- COLLECTED DATA -
++++++++++

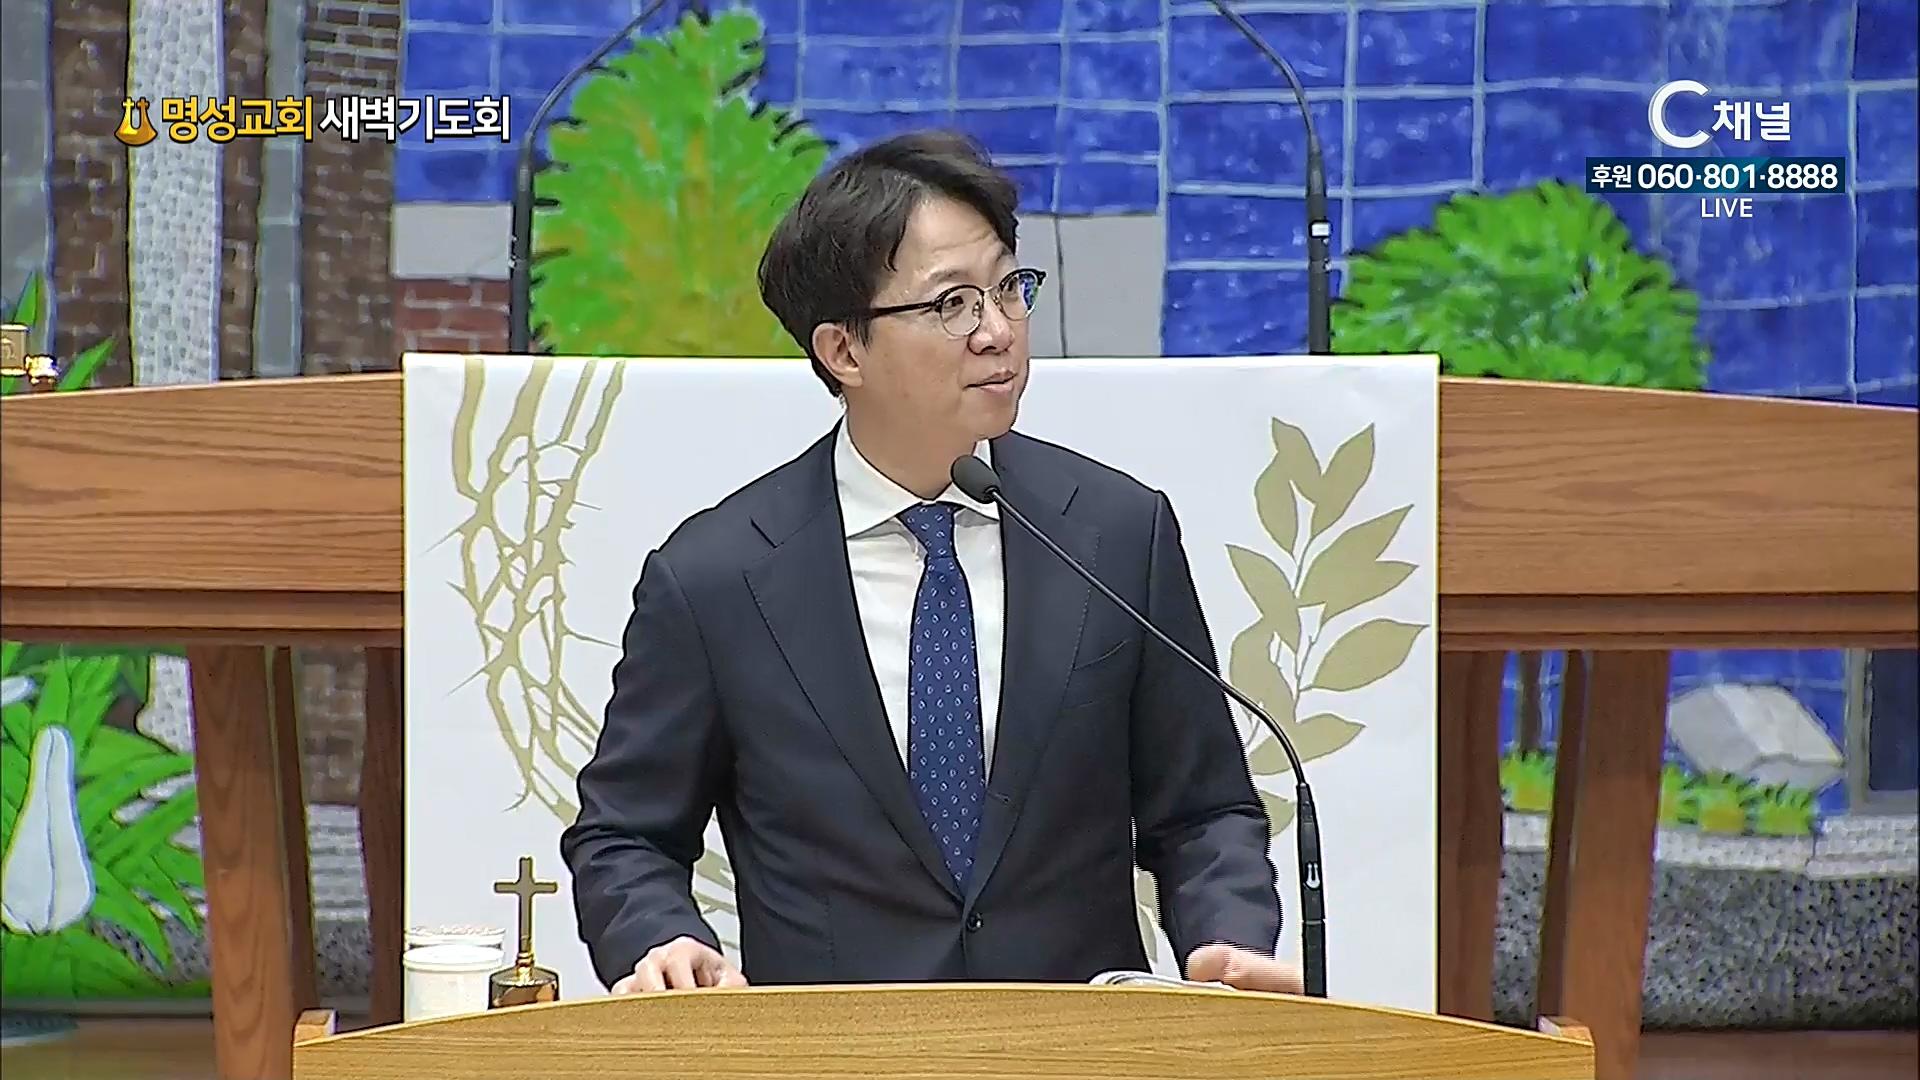 명성교회 새벽기도회 - 2021년 04월 21일
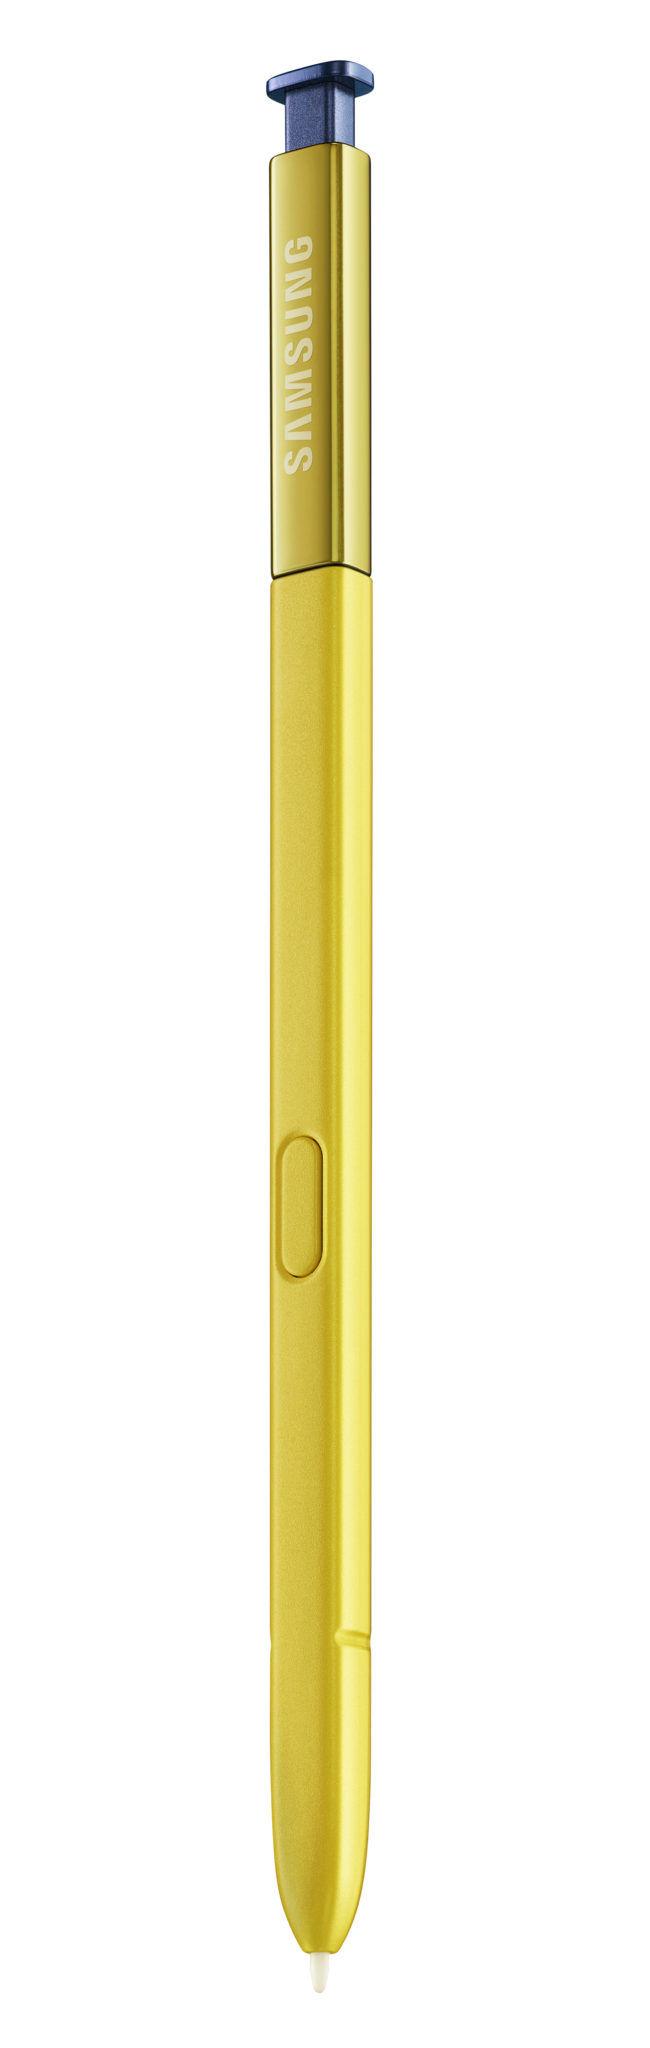 Samsung Galaxy Note 9 S-pen (2)
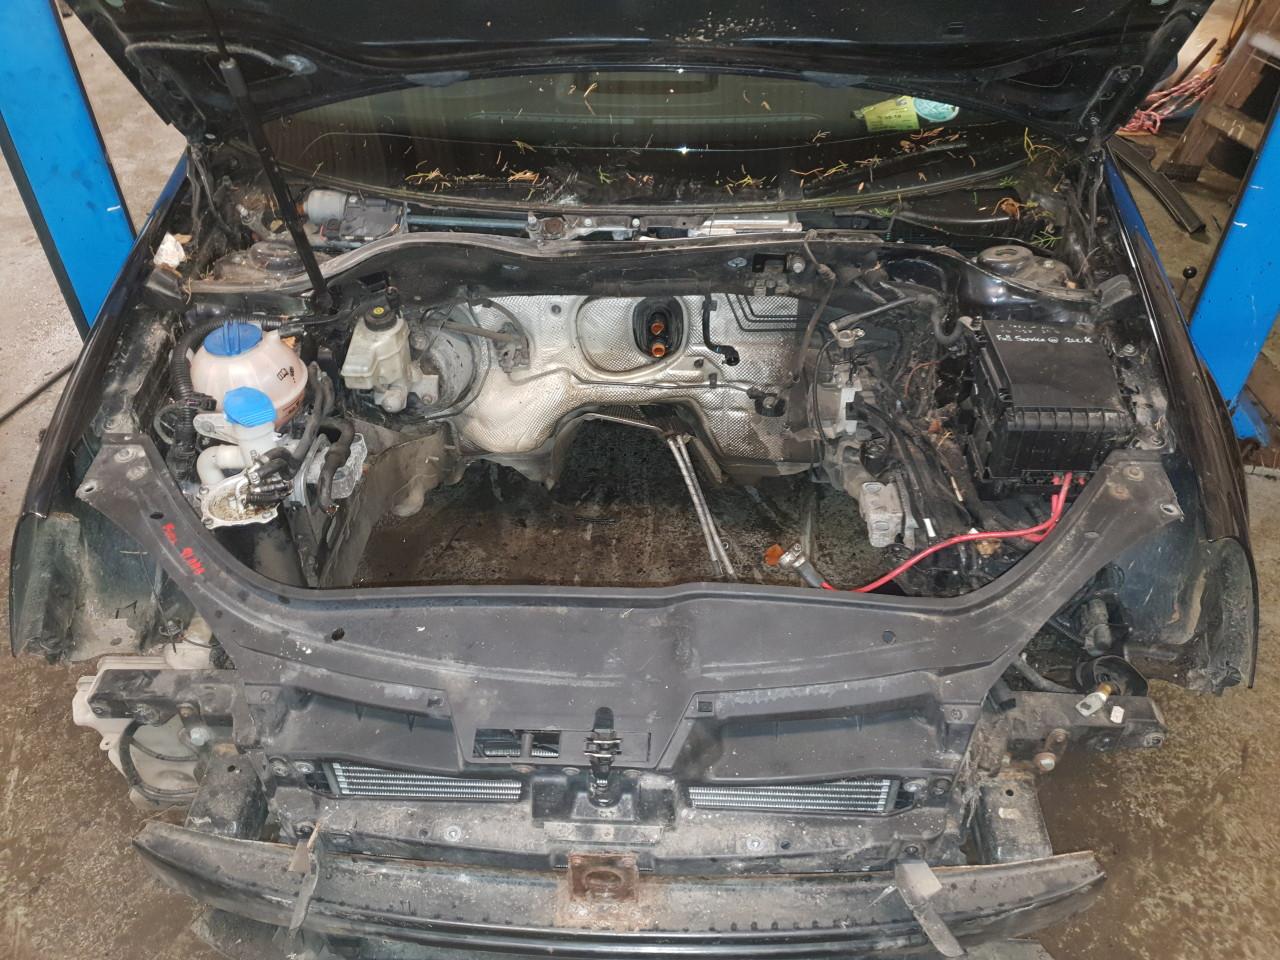 Dezmembrez Golf 5 Volkswagen 1.9 TDI cod BKC Diesel 105 CP 2004 -2009

++++++++++

Repeat the listing exactly, pictures excluded.

- YOUR SOLUTION -
 명성교회 새벽기도회 - 2021년 04월 21일
 Samsung Galaxy Note 9 S-pen (2)
 Dezmembrez Golf 5 Volkswagen 1.9 TDI cod BKC Diesel 105 CP 2004 -2009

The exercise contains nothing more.